Work with Locale Fields
- Locale fields are flattened (
url_*,reviews_*) for easier filtering. - Keep these fields in downstream exports for multi-language analysis.
Use Proxy When Needed
- Enable proxy settings for larger runs or restricted environments.
- Keep your run configuration consistent across scheduled jobs.
Proxy Configuration
{"proxyConfiguration": {"useApifyProxy": true}}
Integrations
Connect the output dataset with:
- Google Sheets — Share and review fragrance records with non-technical teams.
- Airtable — Build searchable fragrance databases with custom views.
- Make — Trigger automated post-processing flows after each run.
- Zapier — Send records into CRM, alerts, and business workflows.
- Webhooks — Deliver fresh data directly into your own systems.
Export Formats
- JSON — Best for APIs and engineering pipelines.
- CSV — Best for spreadsheet workflows.
- Excel — Best for business reporting.
- XML — Useful for structured enterprise integrations.
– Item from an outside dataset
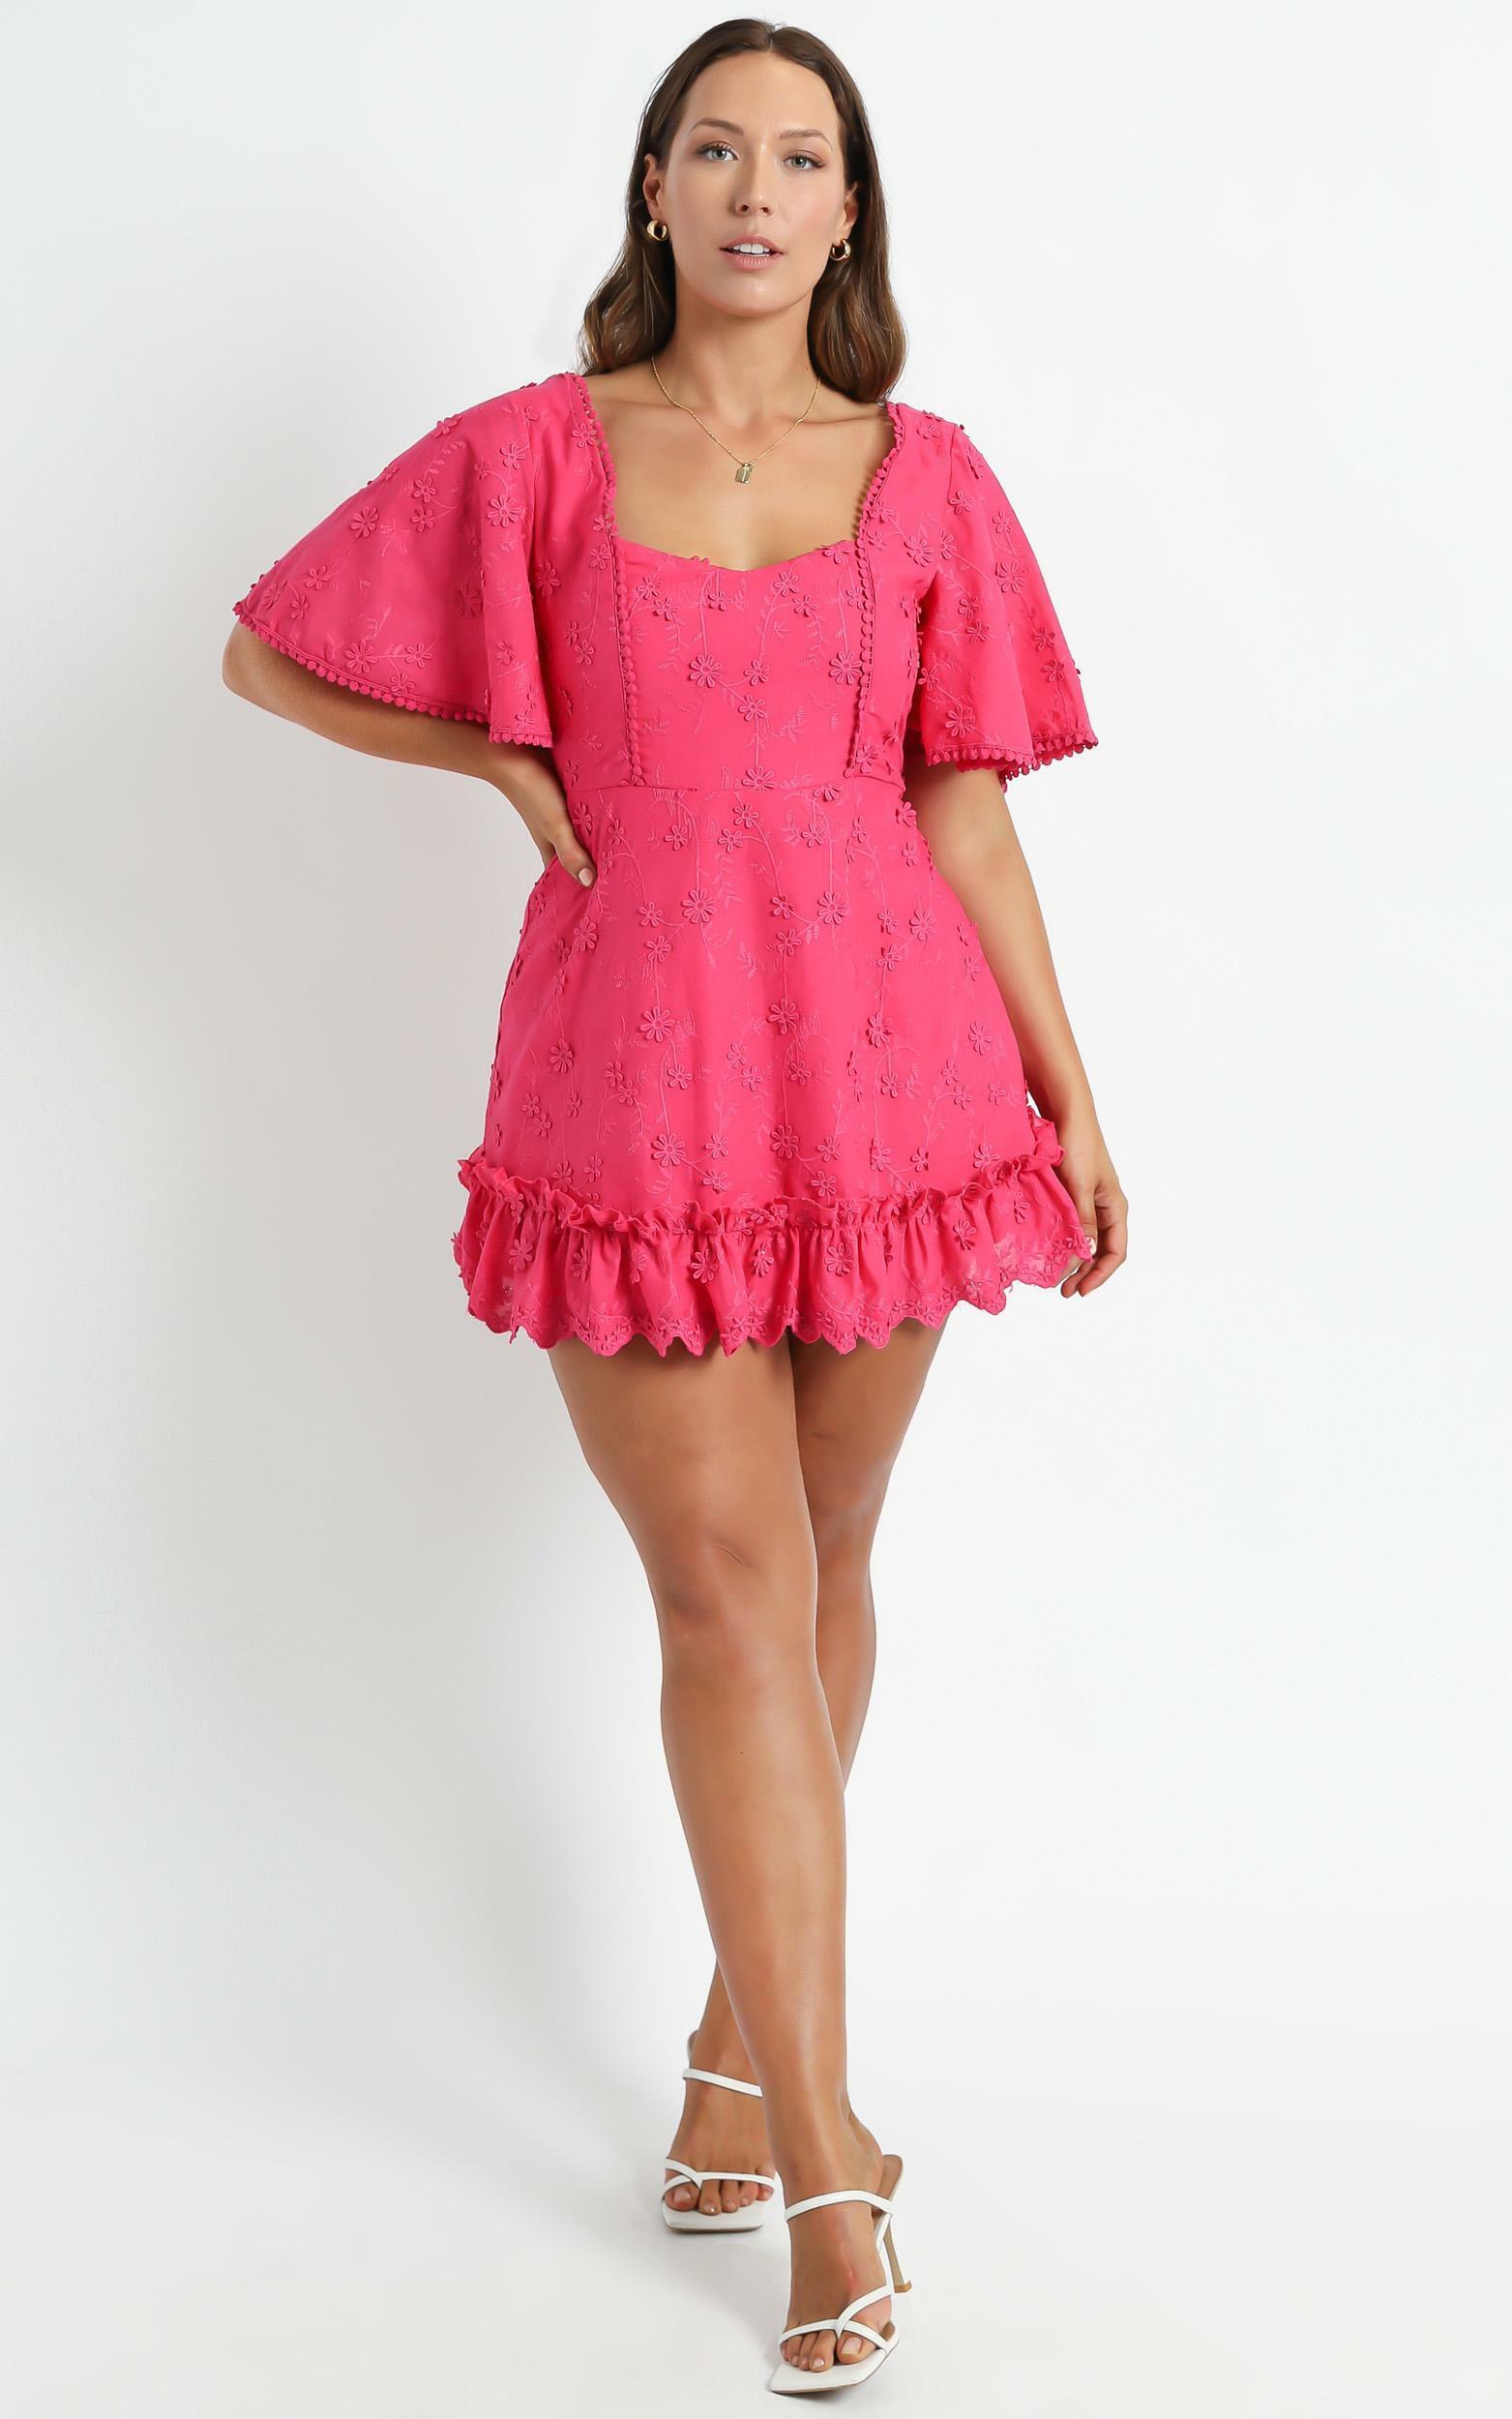 Fancy A Spritz Dress in Hot Pink - 04, PNK3, hi-res image number null

Frequently Asked Questions
What pages are supported?
Designer pages on Fragrantica are supported. Use a designer URL as startUrl.
Can I collect more than 30 results?
Yes. Pagination is handled automatically, and the actor keeps collecting until results_wanted is reached or data is exhausted.
Can I collect 100+ records in one run?
Yes. Set results_wanted to 100 (or higher) and the actor will continue across source pages.
Are locale URLs flattened in output?
Yes. Locale URLs and locale review counters are provided as flat fields like url_en and reviews_en.
Will empty values be stored?
No. Empty and null-like values are removed before items are saved to the dataset.
How can I reduce blocked runs?
Use proxyConfiguration, keep input URLs valid, and start with smaller validation runs.
Support
For issues or feature requests, use the Apify Console issue/support channels for this actor.
Resources
Legal Notice
This actor is intended for legitimate data collection and analysis workflows. You are responsible for complying with website terms, local laws, and applicable data-use policies.